Была ранняя весна, стояла чудесная погода, процессию встречали толпы людей. Всю зиму страна прожила в мире, народ любил нового короля и с готовностью выражал свою любовь. Но постепенно энтузиазм стал убывать. Люди привыкли, что предыдущий повелитель Эдуард охотно откликался на их приветствия, а размахивать шляпами и выкрикивать слова любви и преданности при приближении человека, который едва замечал их, было неприятно. Длинная процессия медленно продвигалась вперёд – стучали копыта, скрипели колёса обозных телег. Люди смотрели им вслед и, разочарованные, расходились по домам.
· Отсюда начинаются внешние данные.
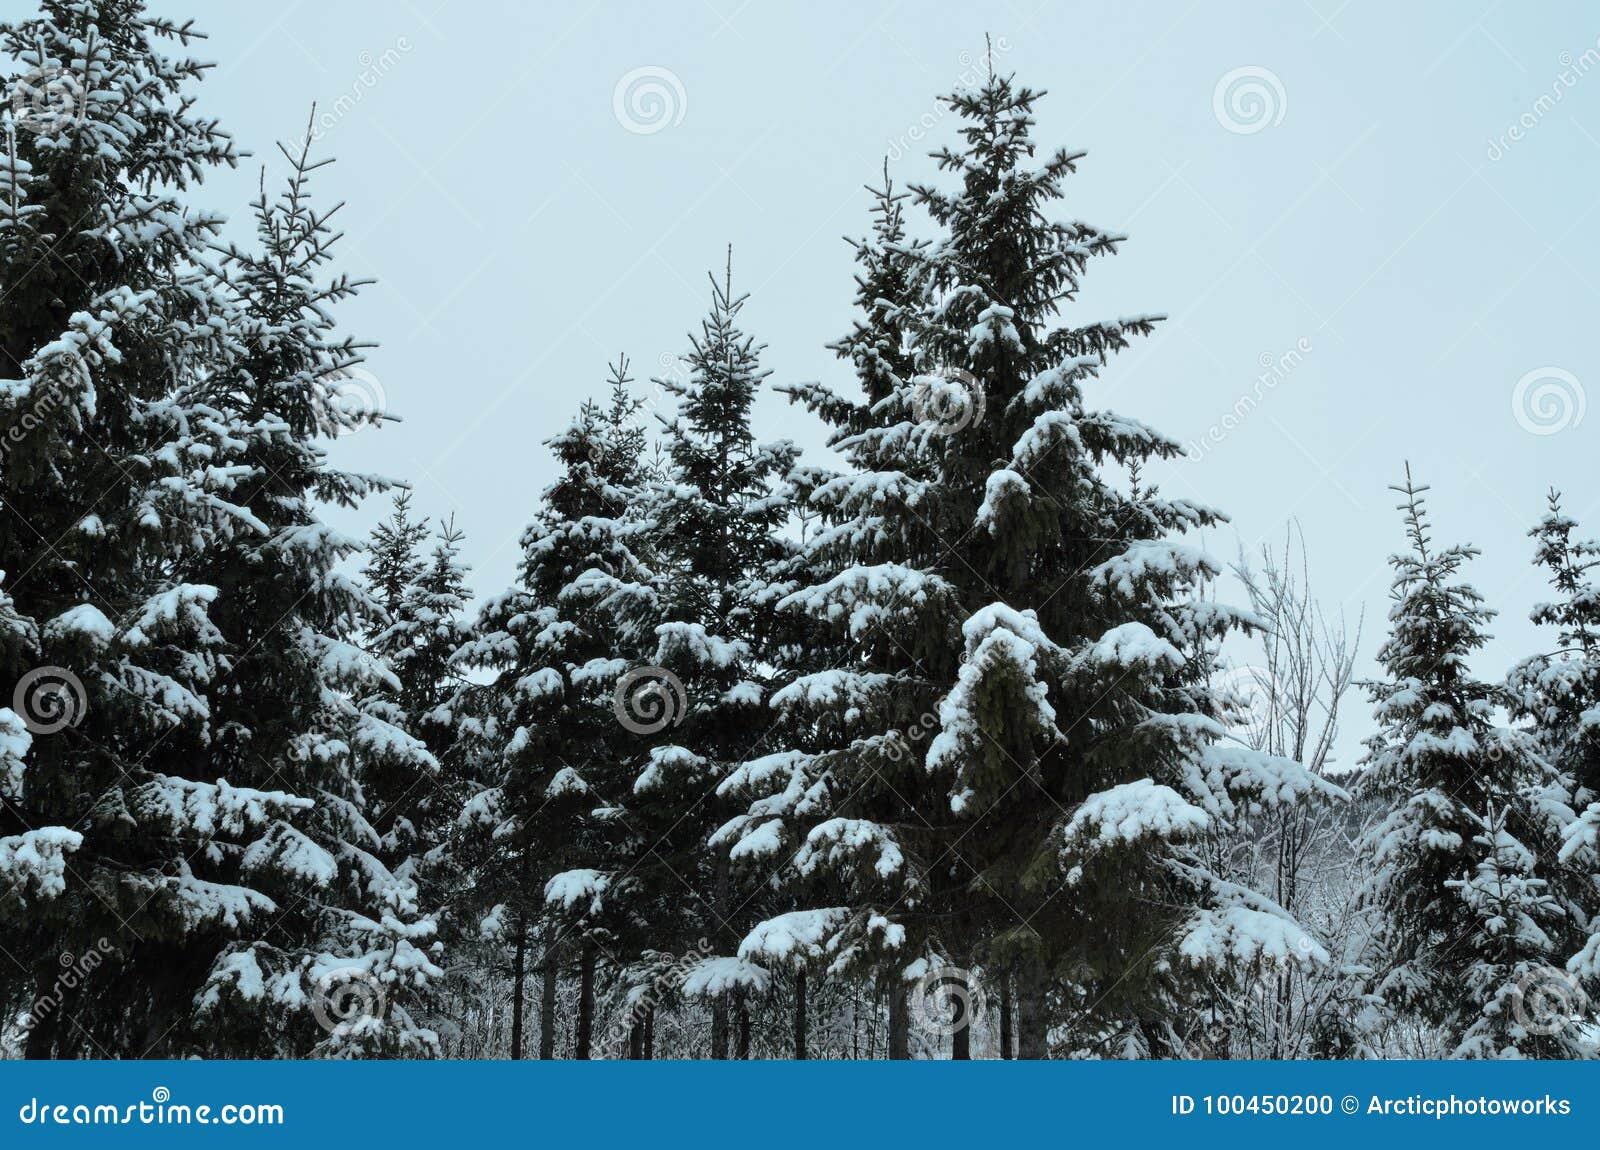 spruce tree snow - photo #43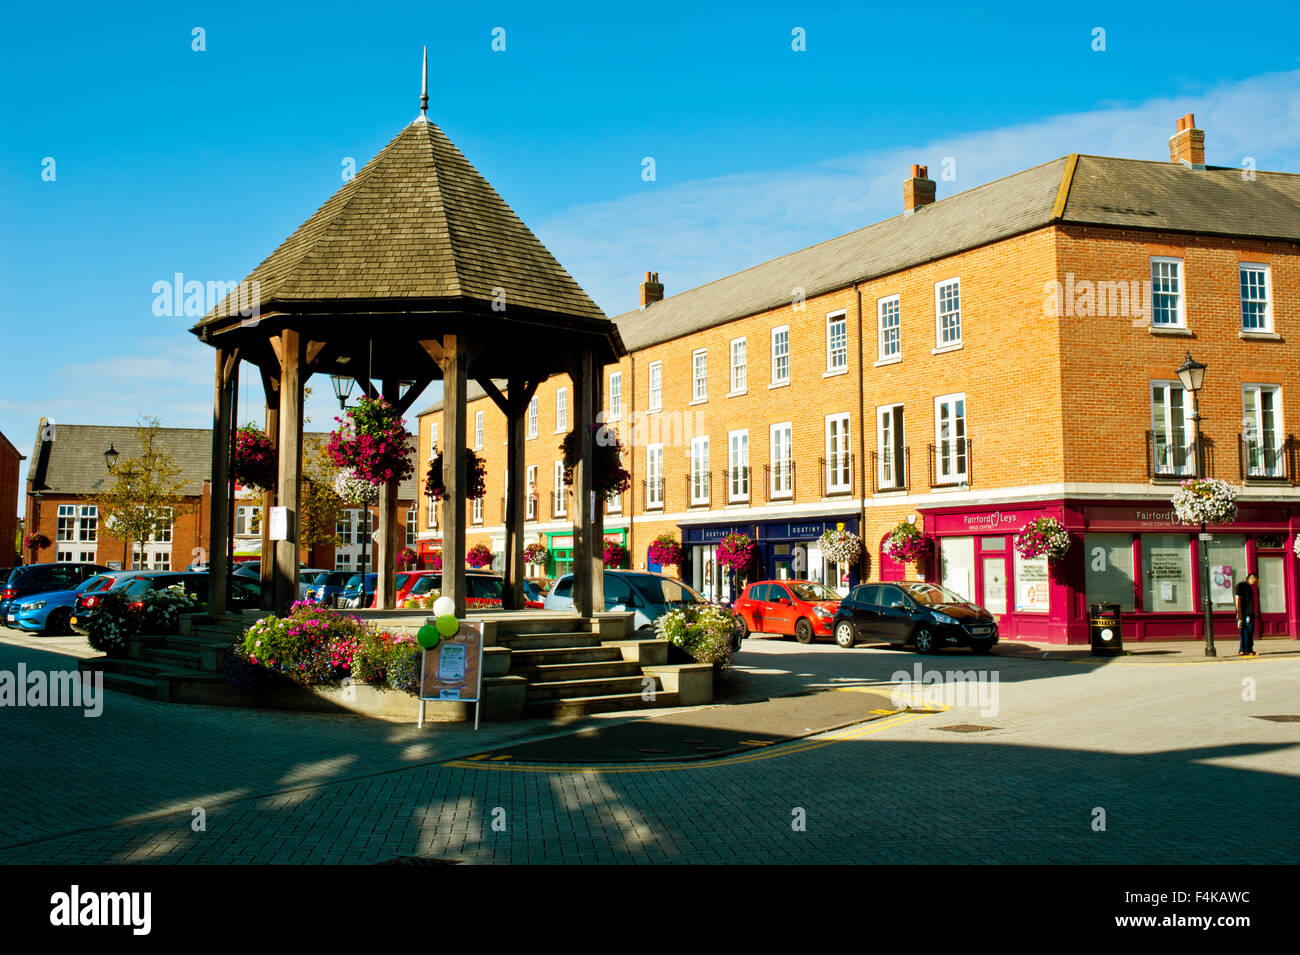 Fairford Leys, Aylesbury, Buckinghamshire - Stock Image

– Что же, чёрт возьми, его терзает, – пробормотал как-то Эштон, когда Ричард в очередной раз, едва дождавшись конца ужина, удалился в свои покои. Анна вообще не появилась. Путешествие сильно утомляло её, она выпила всего лишь немного вина перед тем, как отойти ко сну.

Удивлённый, Перси лишь пожал своими могучими плечами:

– А Бог его знает – ну, может, ещё и Филипп Ловел. – Он подбросил яблоко, поймал его остриём ножа и принялся срезать кожуру. – Сэр Джеймс, если у вас есть дела к королю, сегодня вечером его лучше не беспокоить.

Тайрел в этот момент говорил что-то привратнику, посматривая на лестницу, которая вела на второй этаж. Услышав слова Перси, он повернул к нему своё смуглое, бесстрастное лицо.

– Это насчёт лошадей на завтра, сэр Роберт. Её Величество устала и велела, чтобы подали носилки. Поскольку это нарушает порядок прохождения процессии, королю нужно знать.

– О Боже правый, и вы собираетесь беспокоить его по таким пустякам? Да у него же целый двор на то существует. Поговорите с Ловелом, если уж сами не можете решить такую сложную проблему.

Не делая ни малейшей попытки скрыть своё презрение, Перси продолжал чистить яблоко. Тайрел исподлобья взглянул на Эштона, подбрасывавшего монетку, и что-то мелькнуло в его неподвижных глазах. Он медленно произнёс:

– Сэр Филипп Ловел начал мне действовать на нервы. По какому праву он стоит между королём и рыцарями-телохранителями? Какую должность он занимает, какие услуги оказывает, чтобы его ставили выше всех нас?

Наступило гробовое молчание. Тайрел всегда считался чудаком, над которым не подшучивал только ленивый. Если бы сейчас в зале вдруг рухнула колонна или заговорила мебель, это, наверное, не привлекло бы такого внимания присутствующих, как монолог Тайрела. Мужчины, сидевшие неподалёку, прервали беседу и прислушались. Перси с окаменевшим лицом встретил яростный взгляд Тайрела.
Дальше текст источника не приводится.